Documentation/cgroups/devices.txt - kernel/msm-4.19 - Gitiles

 Device Whitelist Controller

 1. Description:

 Implement a cgroup to track and enforce open and mknod restrictions
 on device files.  A device cgroup associates a device access
 whitelist with each cgroup.  A whitelist entry has 4 fields.
 'type' is a (all), c (char), or b (block).  'all' means it applies
 to all types and all major and minor numbers.  Major and minor are
 either an integer or * for all.  Access is a composition of r
 (read), w (write), and m (mknod).

 The root device cgroup starts with rwm to 'all'.  A child device
 cgroup gets a copy of the parent.  Administrators can then remove
 devices from the whitelist or add new entries.  A child cgroup can
 never receive a device access which is denied by its parent.

 2. User Interface

 An entry is added using devices.allow, and removed using
 devices.deny.  For instance

 	echo 'c 1:3 mr' > /sys/fs/cgroup/1/devices.allow

 allows cgroup 1 to read and mknod the device usually known as
 /dev/null.  Doing

 	echo a > /sys/fs/cgroup/1/devices.deny

 will remove the default 'a *:* rwm' entry. Doing

 	echo a > /sys/fs/cgroup/1/devices.allow

 will add the 'a *:* rwm' entry to the whitelist.

 3. Security

 Any task can move itself between cgroups.  This clearly won't
 suffice, but we can decide the best way to adequately restrict
 movement as people get some experience with this.  We may just want
 to require CAP_SYS_ADMIN, which at least is a separate bit from
 CAP_MKNOD.  We may want to just refuse moving to a cgroup which
 isn't a descendant of the current one.  Or we may want to use
 CAP_MAC_ADMIN, since we really are trying to lock down root.

 CAP_SYS_ADMIN is needed to modify the whitelist or move another
 task to a new cgroup.  (Again we'll probably want to change that).

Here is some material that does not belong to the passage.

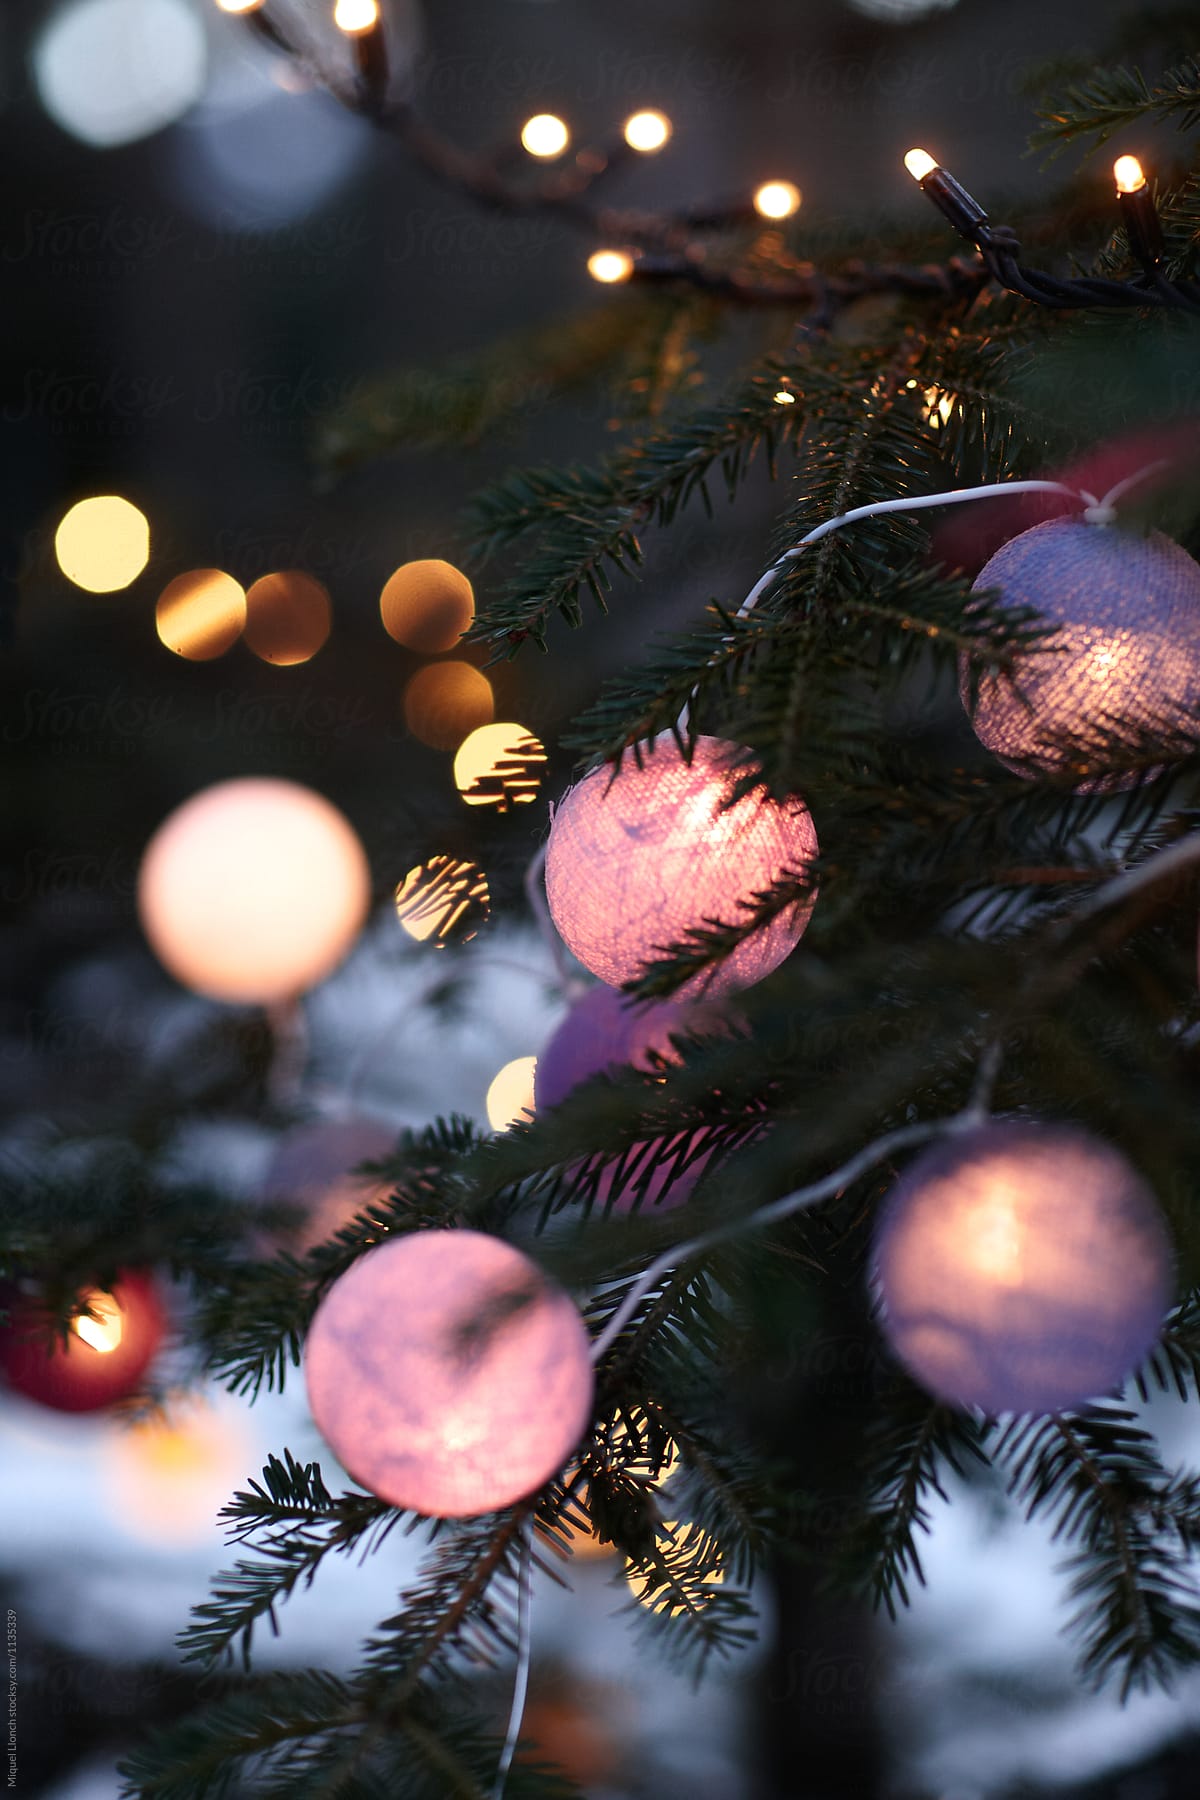 Lit colorfull  balls on Christmas tree

 A cgroup may not be granted more permissions than the cgroup's
 parent has.

 4. Hierarchy

 device cgroups maintain hierarchy by making sure a cgroup never has more
 access permissions than its parent.  Every time an entry is written to
 a cgroup's devices.deny file, all its children will have that entry removed
 from their whitelist and all the locally set whitelist entries will be
 re-evaluated.  In case one of the locally set whitelist entries would provide
 more access than the cgroup's parent, it'll be removed from the whitelist.

 Example:
       A
      / \
         B

     group        behavior	exceptions
     A            allow		"b 8:* rwm", "c 116:1 rw"
     B            deny		"c 1:3 rwm", "c 116:2 rwm", "b 3:* rwm"

 If a device is denied in group A:
 	# echo "c 116:* r" > A/devices.deny
 it'll propagate down and after revalidating B's entries, the whitelist entry
 "c 116:2 rwm" will be removed:

     group        whitelist entries                        denied devices
     A            all                                      "b 8:* rwm", "c 116:* rw"
     B            "c 1:3 rwm", "b 3:* rwm"                 all the rest

 In case parent's exceptions change and local exceptions are not allowed
 anymore, they'll be deleted.

 Notice that new whitelist entries will not be propagated:
       A
      / \
         B

     group        whitelist entries                        denied devices
     A            "c 1:3 rwm", "c 1:5 r"                   all the rest
     B            "c 1:3 rwm", "c 1:5 r"                   all the rest

 when adding "c *:3 rwm":
 	# echo "c *:3 rwm" >A/devices.allow

 the result:
     group        whitelist entries                        denied devices
     A            "c *:3 rwm", "c 1:5 r"                   all the rest
     B            "c 1:3 rwm", "c 1:5 r"                   all the rest

 but now it'll be possible to add new entries to B:
 	# echo "c 2:3 rwm" >B/devices.allow
 	# echo "c 50:3 r" >B/devices.allow
 or even
 	# echo "c *:3 rwm" >B/devices.allow

 Allowing or denying all by writing 'a' to devices.allow or devices.deny will
 not be possible once the device cgroups has children.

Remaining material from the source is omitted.